Over the past twenty years the US net foreign asset position has deteriorated and from a net creditor to the rest of the world the US has become a net debtor. This implies that over these past twenty years, on average, the US has:
Correct Answer
B. Been running a capital and financial account surplus
Explanation
The US net foreign asset position deteriorating means that the US has been accumulating more liabilities to the rest of the world than it has been accumulating assets. This implies that the US has been running a capital and financial account surplus, as it has been receiving more capital inflows from foreign investors than it has been investing abroad.
7.
When we look at a large sample of countries over the last 5 decades we do not observe convergence in GDP per capita because
Correct Answer
D. Not all poor countries provide the necessary environment for investment to happen
Explanation
The answer states that not all poor countries provide the necessary environment for investment to happen. This suggests that the lack of convergence in GDP per capita among countries over the last 5 decades is due to the fact that some poor countries do not have the conditions or infrastructure in place to attract investment and promote economic growth. Therefore, these countries are unable to catch up with wealthier nations and achieve convergence in GDP per capita.
8.
When the currency-to-deposit ratio increases, then if everything else is held constant we will see:
Correct Answer
B. A decrease in money supply
Explanation
When the currency-to-deposit ratio increases, it means that people are holding a larger proportion of their money in cash rather than depositing it in banks. This leads to a decrease in the amount of money available for banks to lend out, resulting in a decrease in the money supply.
9.
The supply of loanable funds, or "national saving," is equal to
Correct Answer
A. income - consumption - government spending
Explanation
The correct answer is income - consumption - government spending. This is because the supply of loanable funds, or "national saving," is determined by the amount of income that is not consumed or spent by the government.
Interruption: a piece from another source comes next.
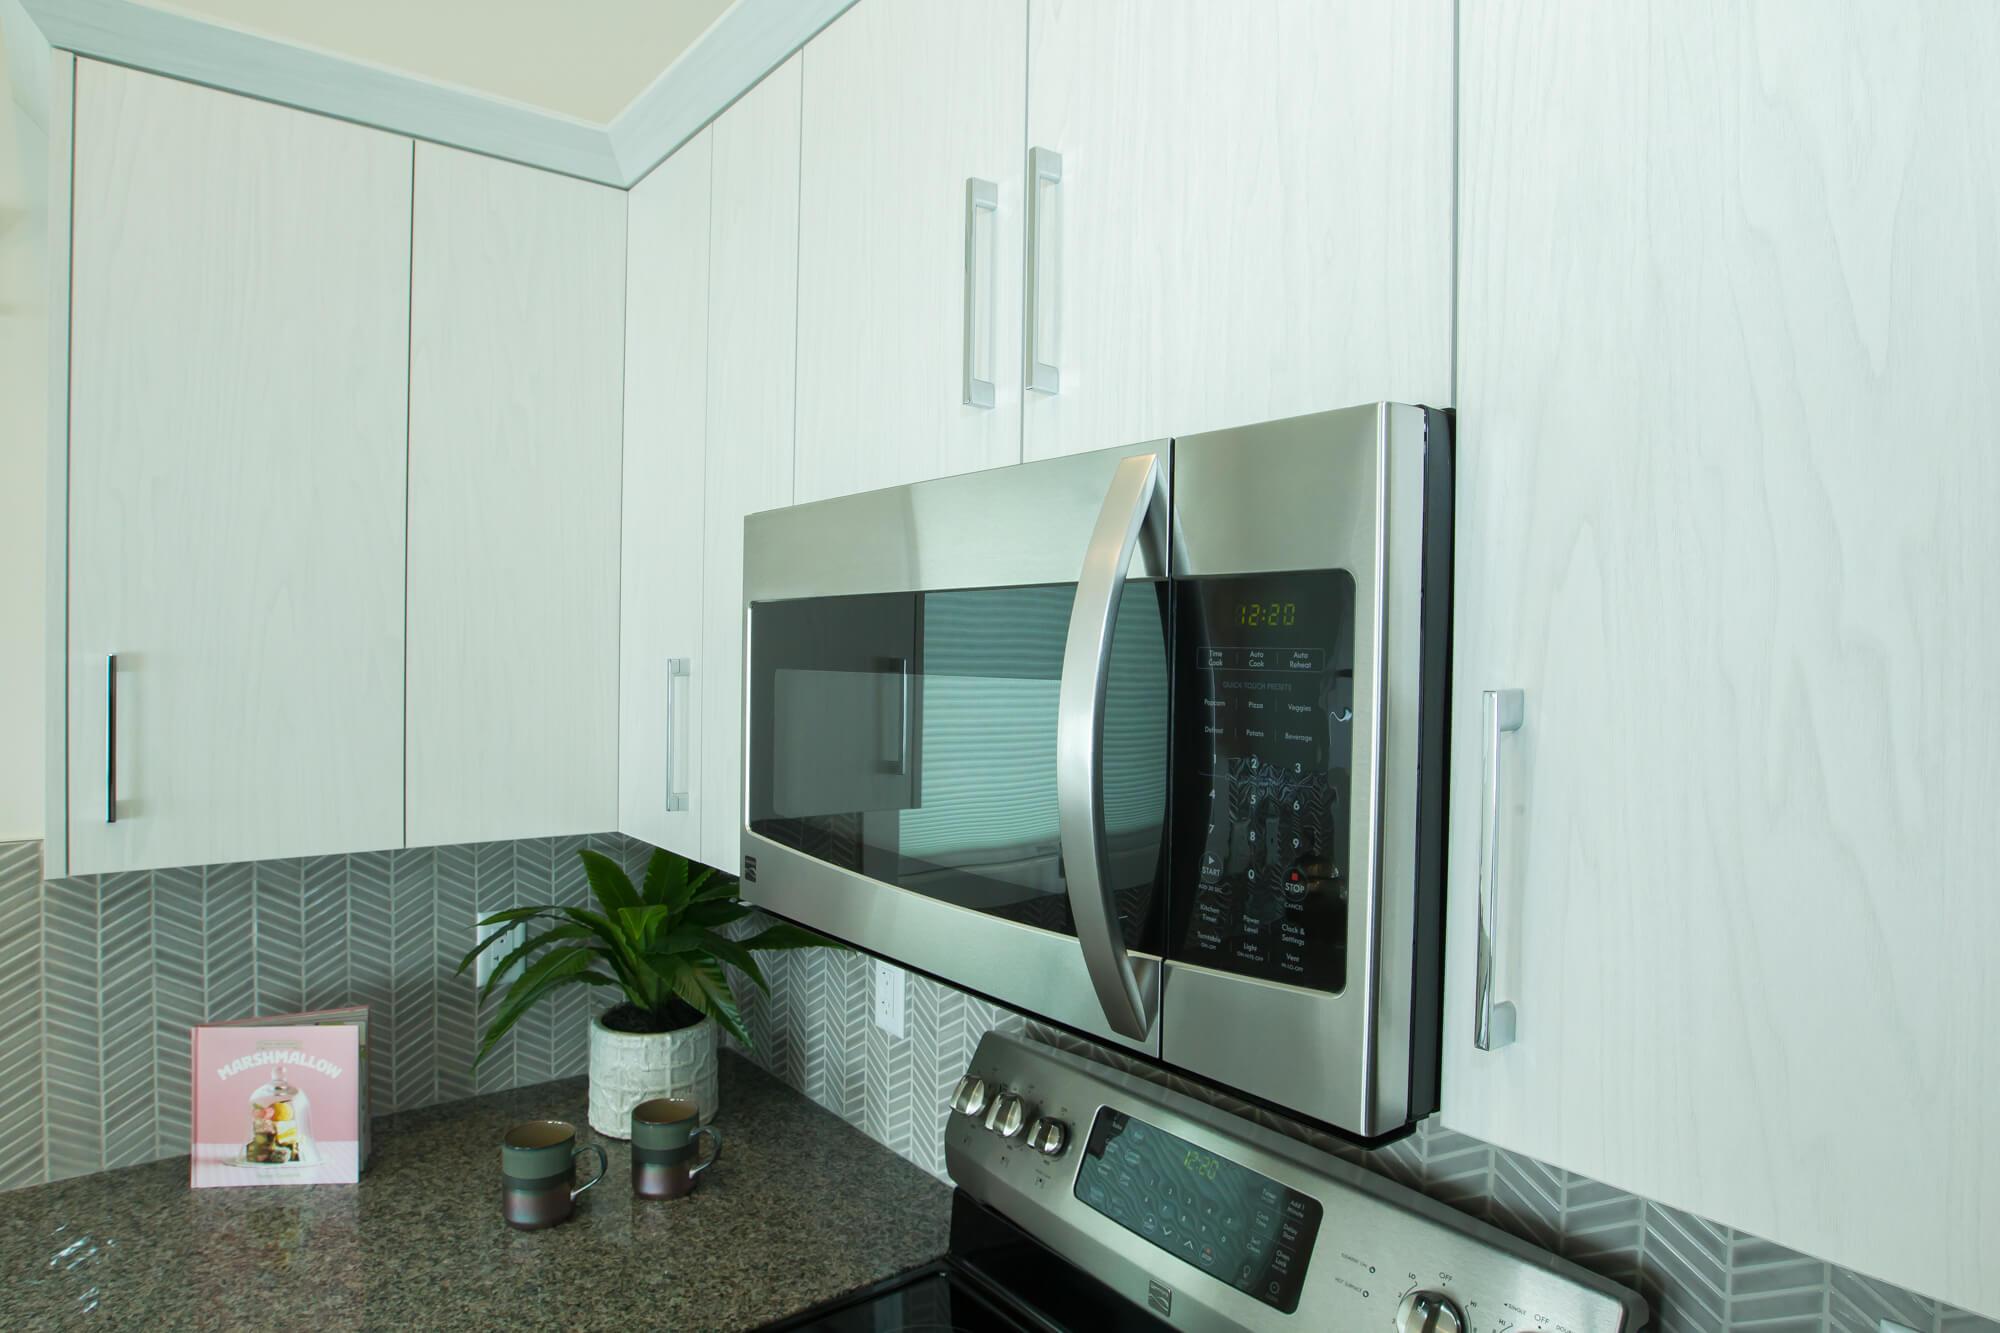 Custom Lethbridge Kitchen With Energy Star Appliances

By subtracting consumption and government spending from income, we are left with the amount of funds available for saving and investment.
10.
A high ratio of consumption to GDP...
Correct Answer
B. Can be a barrier to growth unless the country can attract capital from other countries
Explanation
A high ratio of consumption to GDP can be a barrier to growth unless the country can attract capital from other countries. This is because when the consumption levels are high relative to the GDP, it indicates that the country is spending a large portion of its income on consumption rather than investing in productive activities or saving. This can lead to a lack of funds for investment in industries and infrastructure, which can hinder economic growth. However, if the country is able to attract capital from other countries through foreign direct investment or loans, it can compensate for the lack of domestic savings and investment, thus potentially overcoming the barrier to growth.